**RAW DATA:**
• • • •

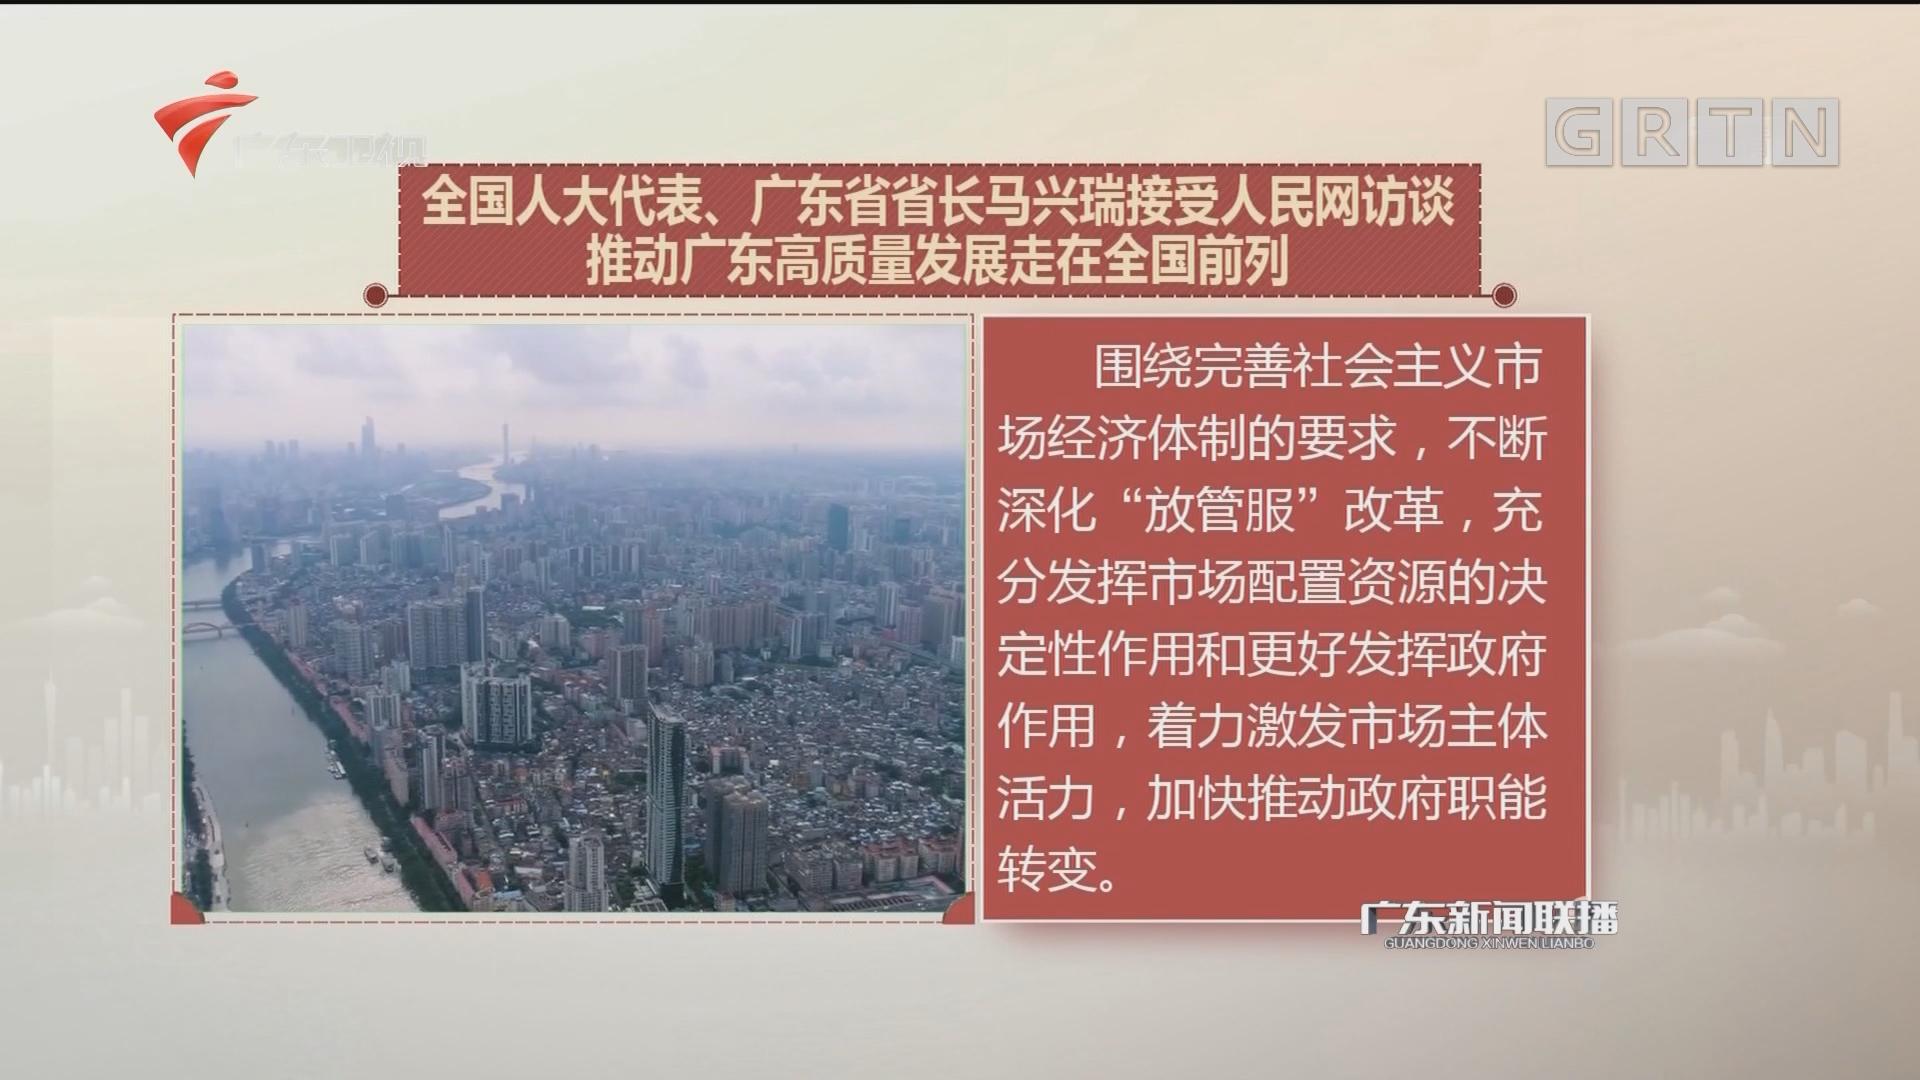 全国人大代表、广东省省长马兴瑞接受人民网访谈 推动广东高质量发展走在全国前列
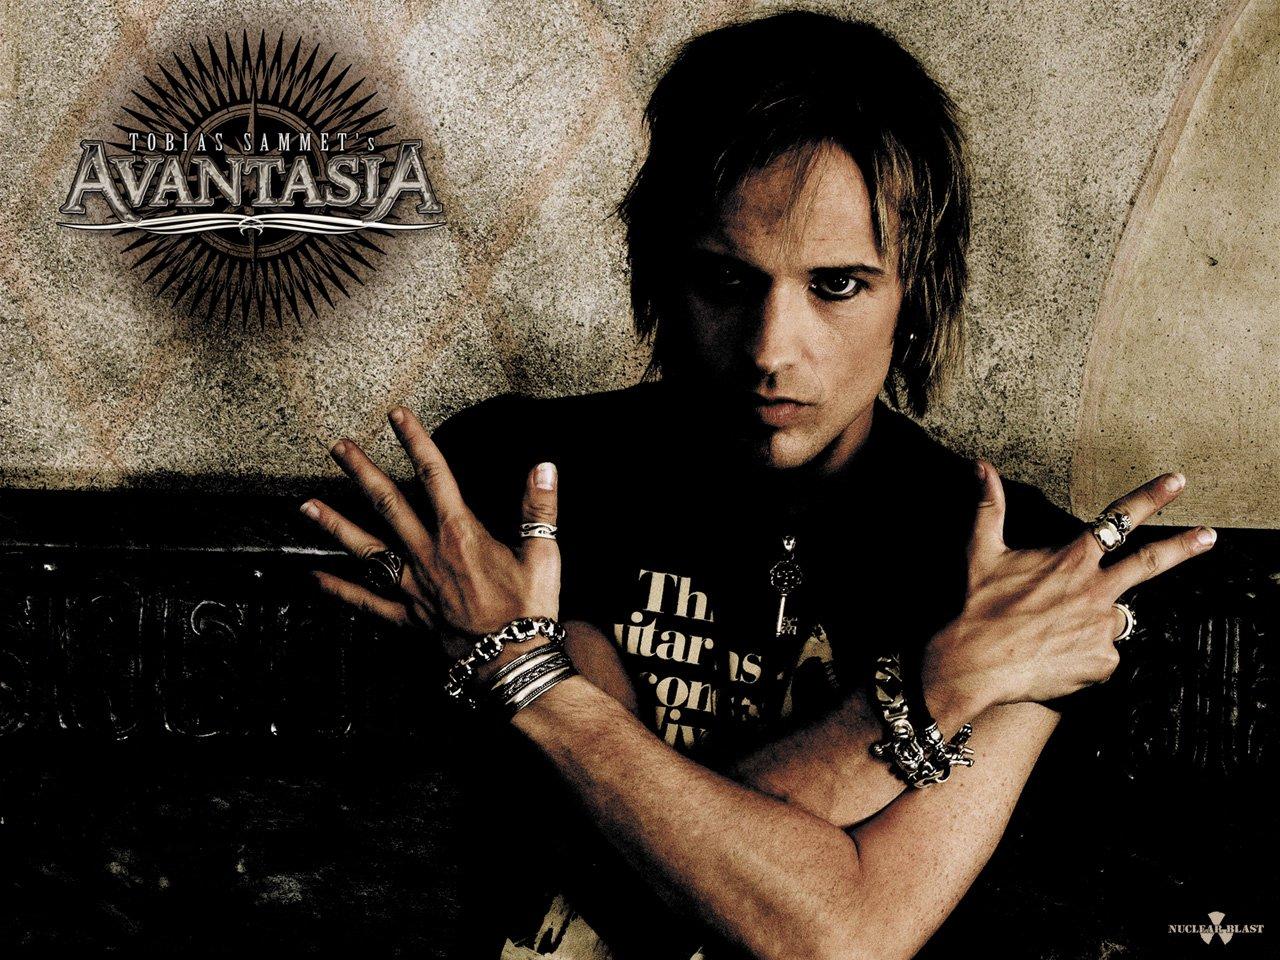 AVANTASIA - THE SEVEN ANGELS LYRICS
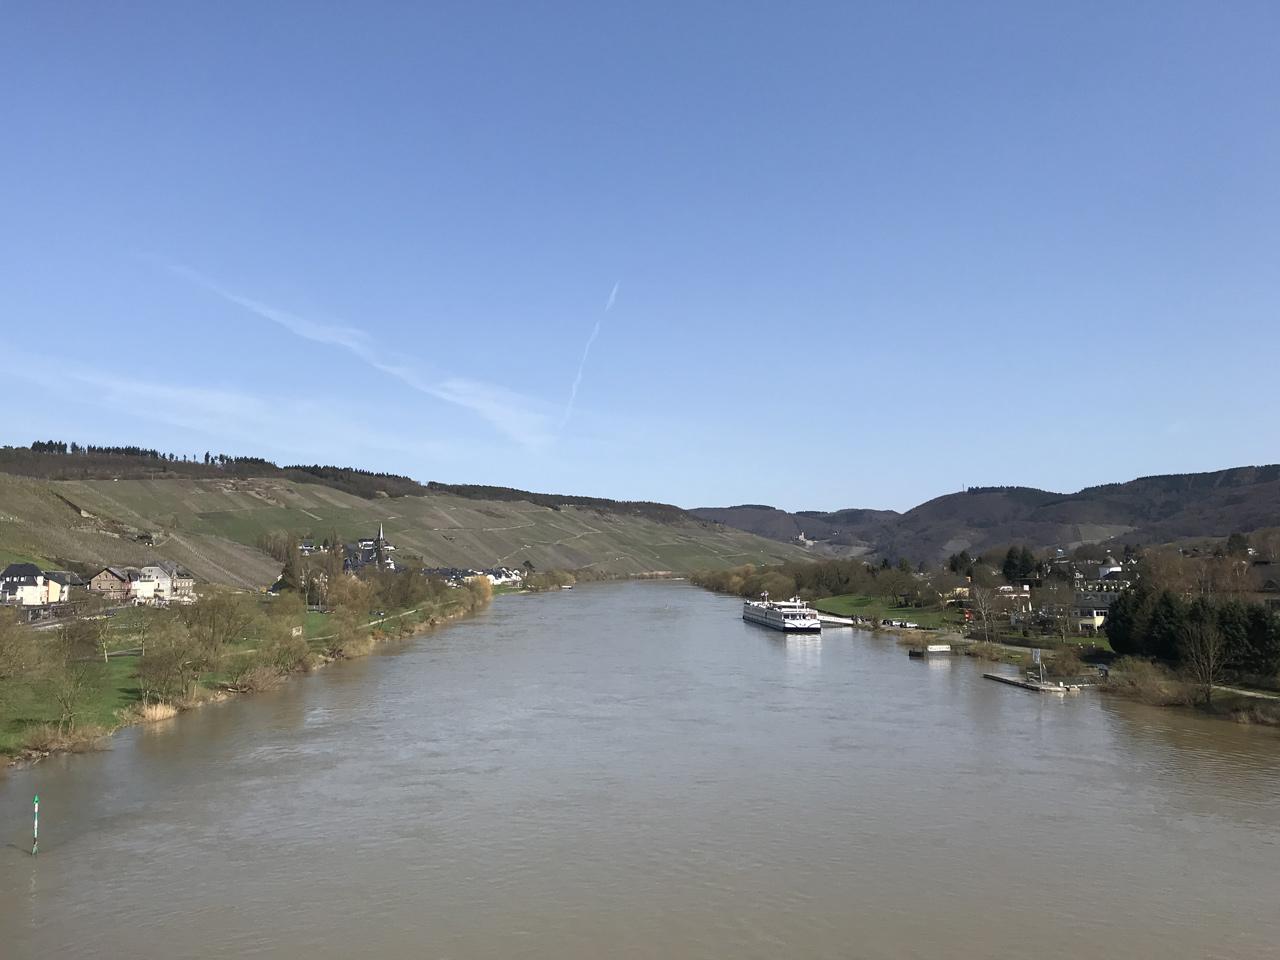 Der Blick von einer der vielen Brücken über die Mosel.
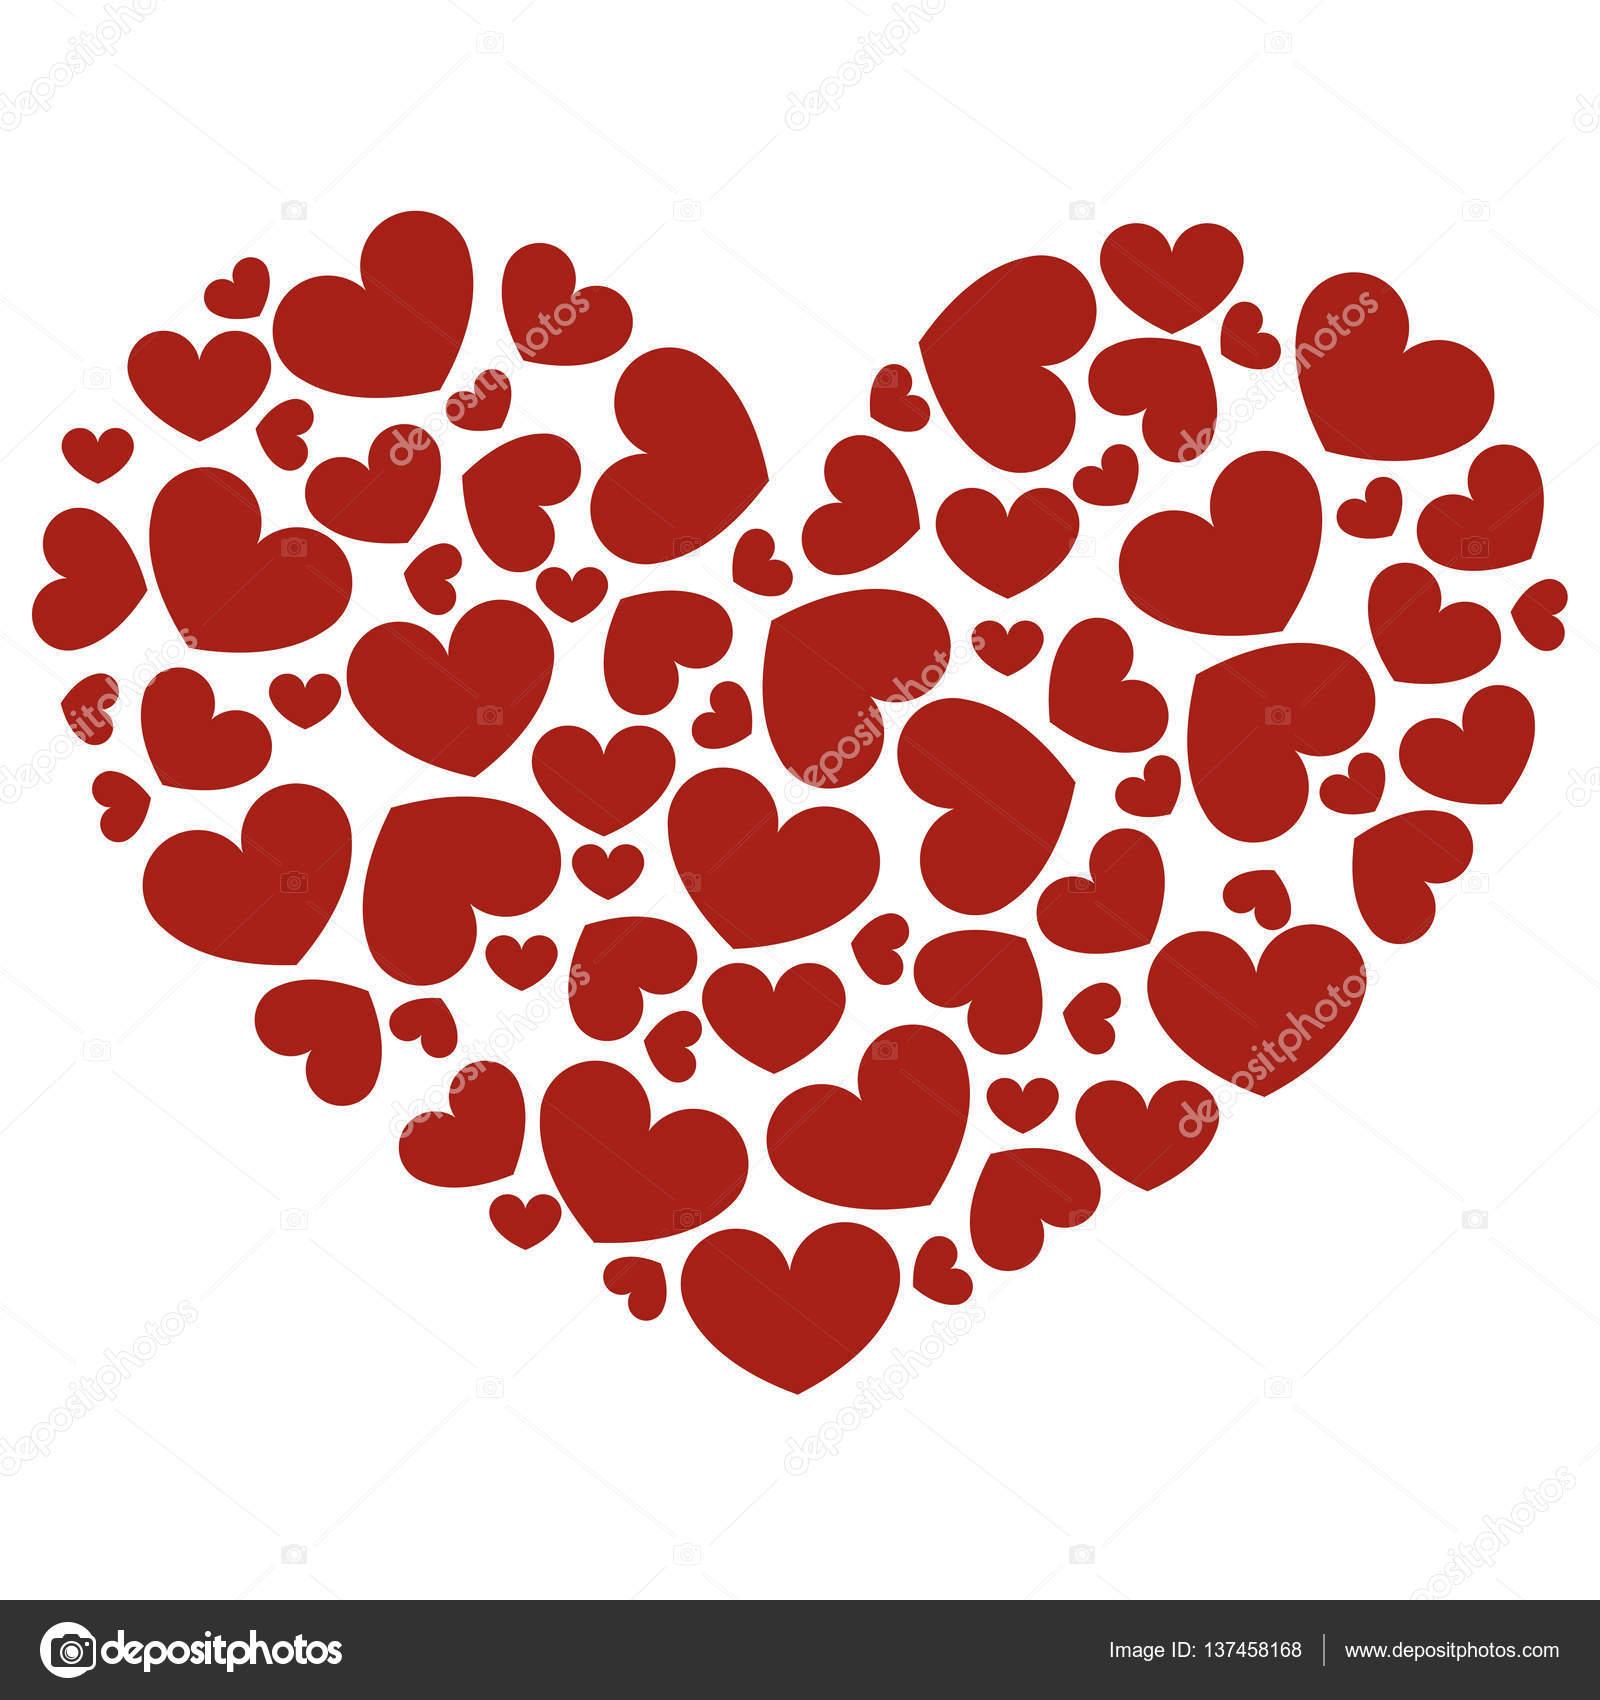 Icono De Corazón Hecho De Corazones Rojos Sobre Fondo Blanco Patrón

• • • •

**HOW TO COMPLETE THIS TASK:**
Each line of the material above should be set down exactly, with no pictures.

**ANSWER FOR THE TASK:**
 全国人大代表、广东省省长马兴瑞接受人民网访谈 推动广东高质量发展走在全国前列
 AVANTASIA - THE SEVEN ANGELS LYRICS
 Der Blick von einer der vielen Brücken über die Mosel.
 Icono De Corazón Hecho De Corazones Rojos Sobre Fondo Blanco Patrón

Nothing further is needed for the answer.